Would you please reproduce all the entries word for word, minus the pictures?
START Extracted data
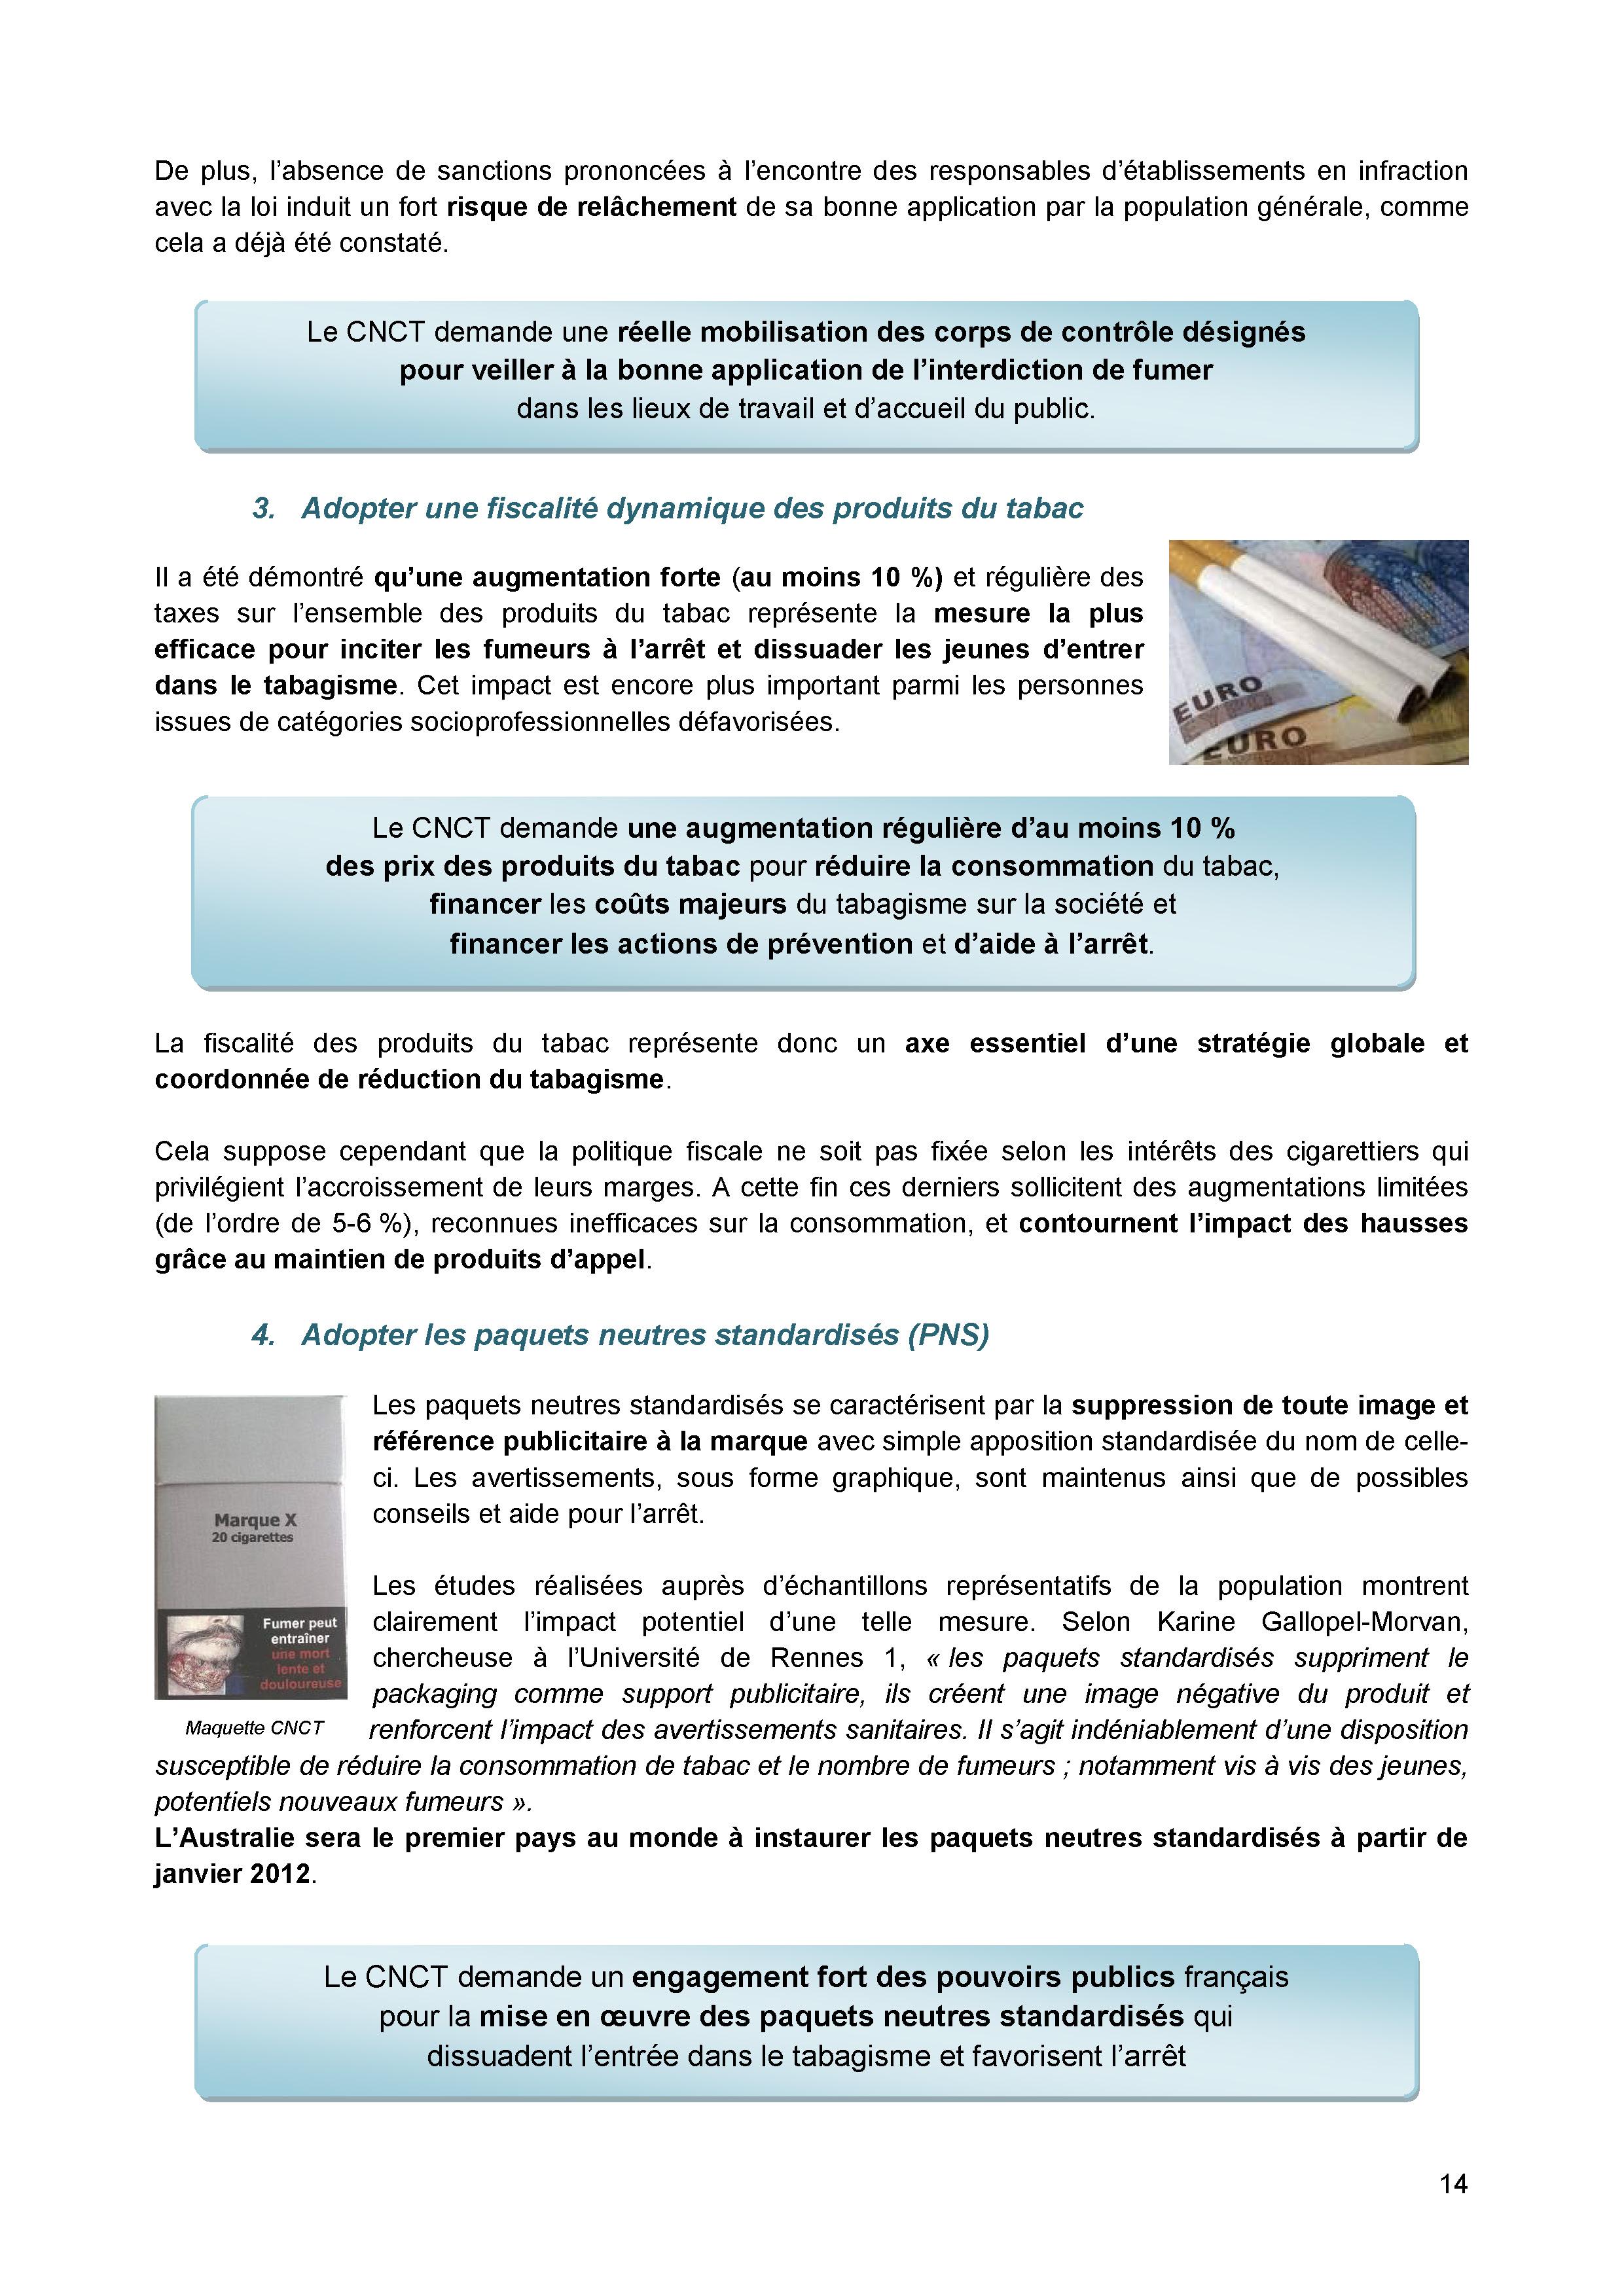 CNCT-DP-l-envers-du-decor-17mai2011_Page_14.jpg
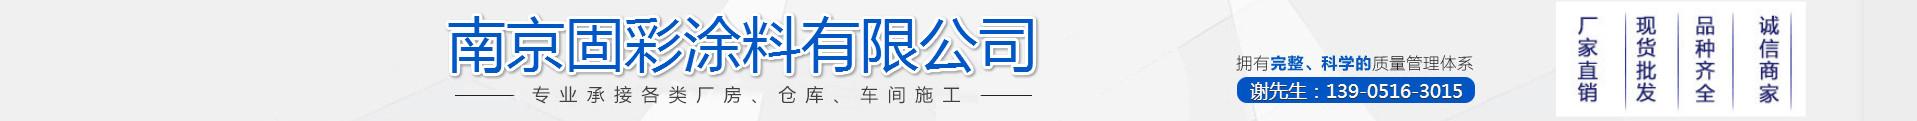 南京固彩涂料有限公司
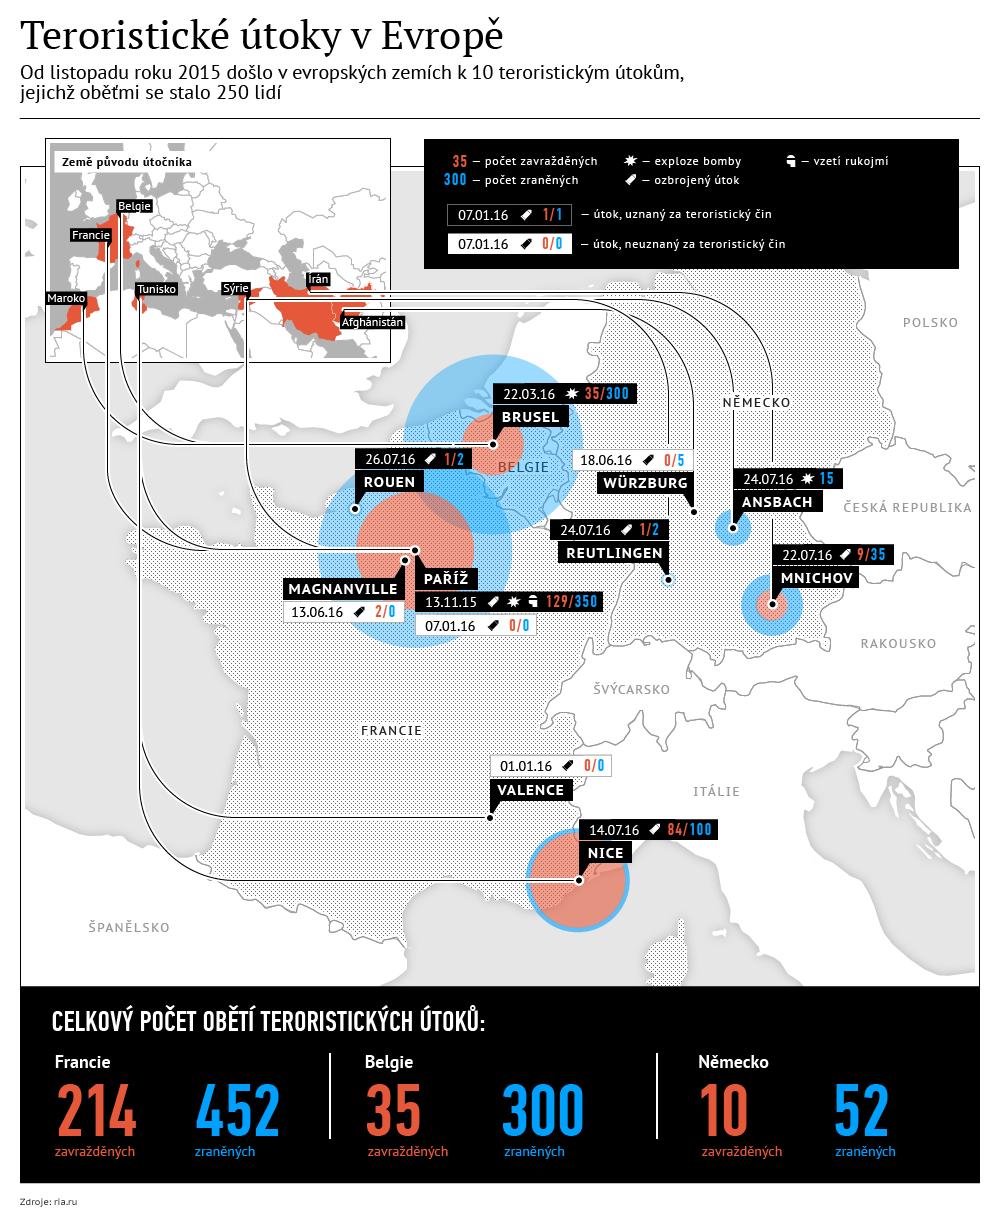 Teroristické útoky v Evropě
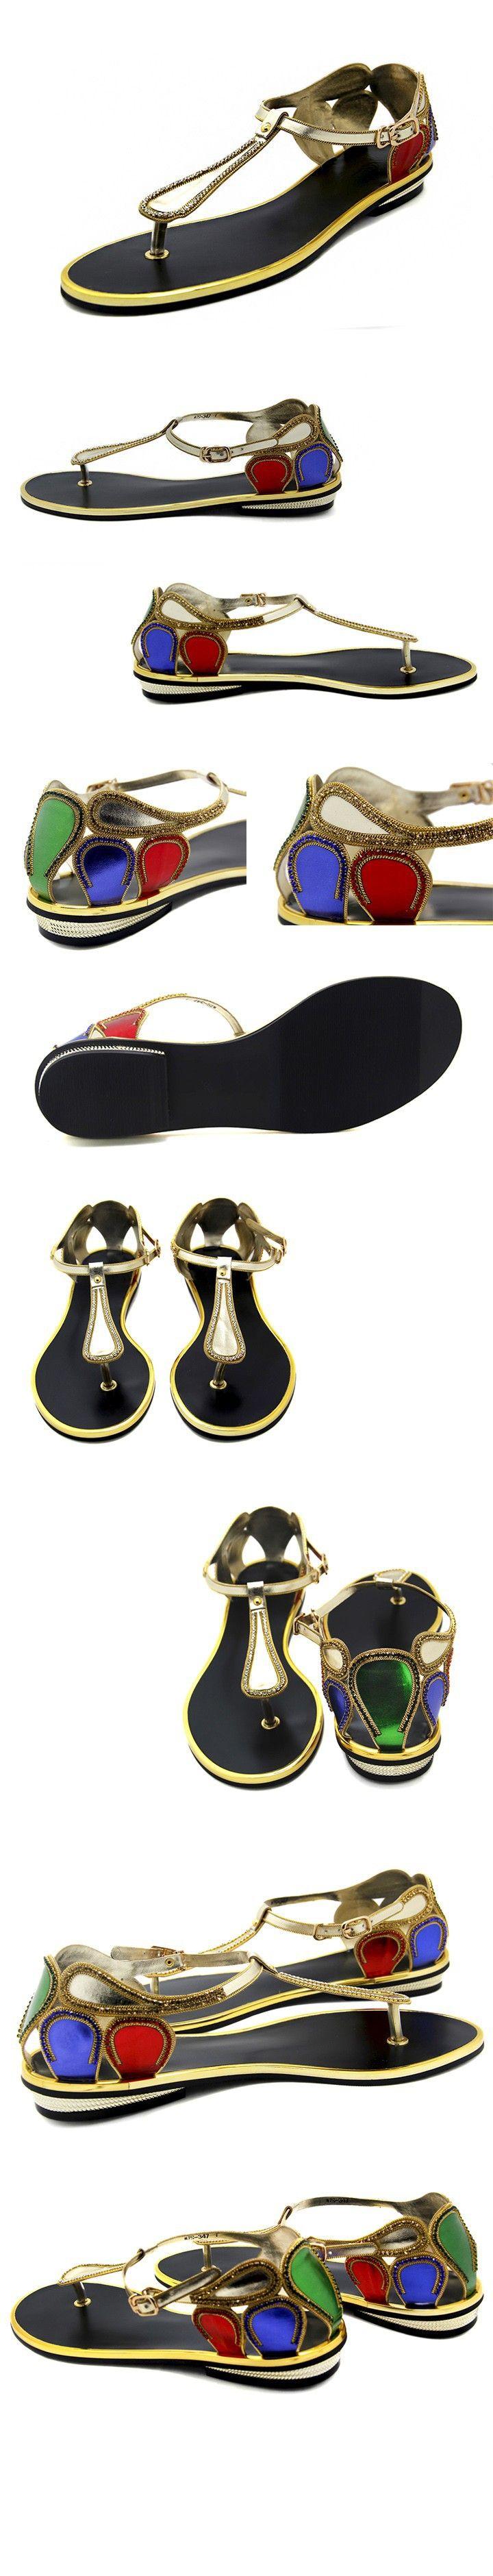 Diseñadores de la marca chanclas mujeres Casual sandalias de diamantes de imitación 2015 colores mezclados estilo zapatos de mujer de verano Flip zapatillas planas en Sandalias de las mujeres de Calzado en AliExpress.com   Alibaba Group
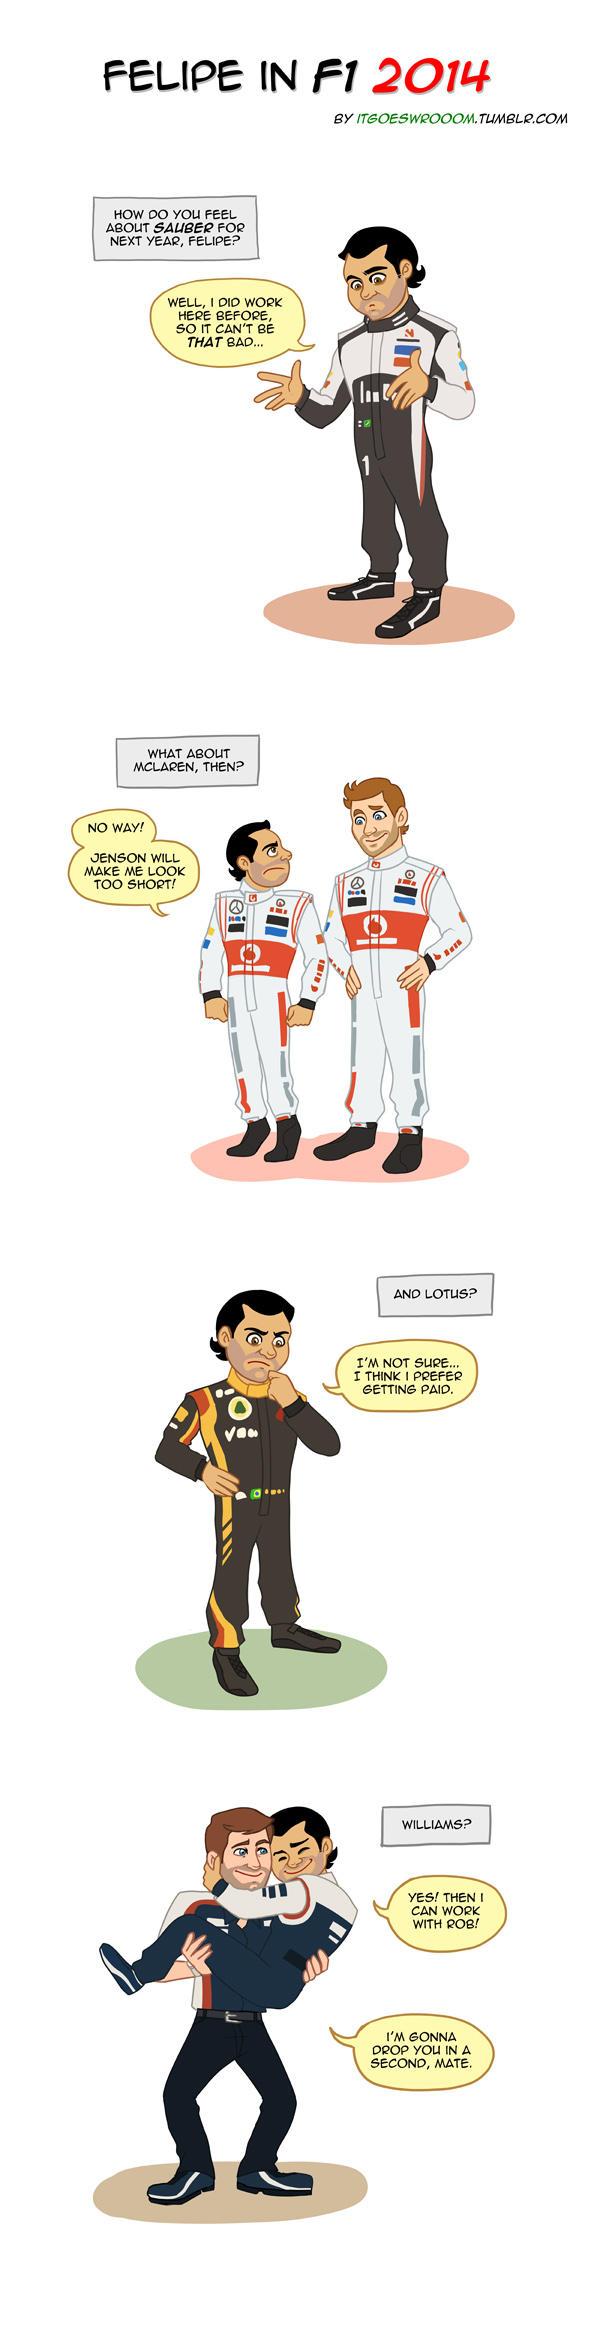 Felipe in F1 2014 by xelanelho
END Extracted data
> [Solution for this problem]:
 CNCT-DP-l-envers-du-decor-17mai2011_Page_14.jpg
 南京固彩涂料有限公司
 Teroristické útoky v Evropě
 Diseñadores de la marca chanclas mujeres Casual sandalias de diamantes de imitación 2015 colores mezclados estilo zapatos de mujer de verano Flip zapatillas planas en Sandalias de las mujeres de Calzado en AliExpress.com   Alibaba Group
 Felipe in F1 2014 by xelanelho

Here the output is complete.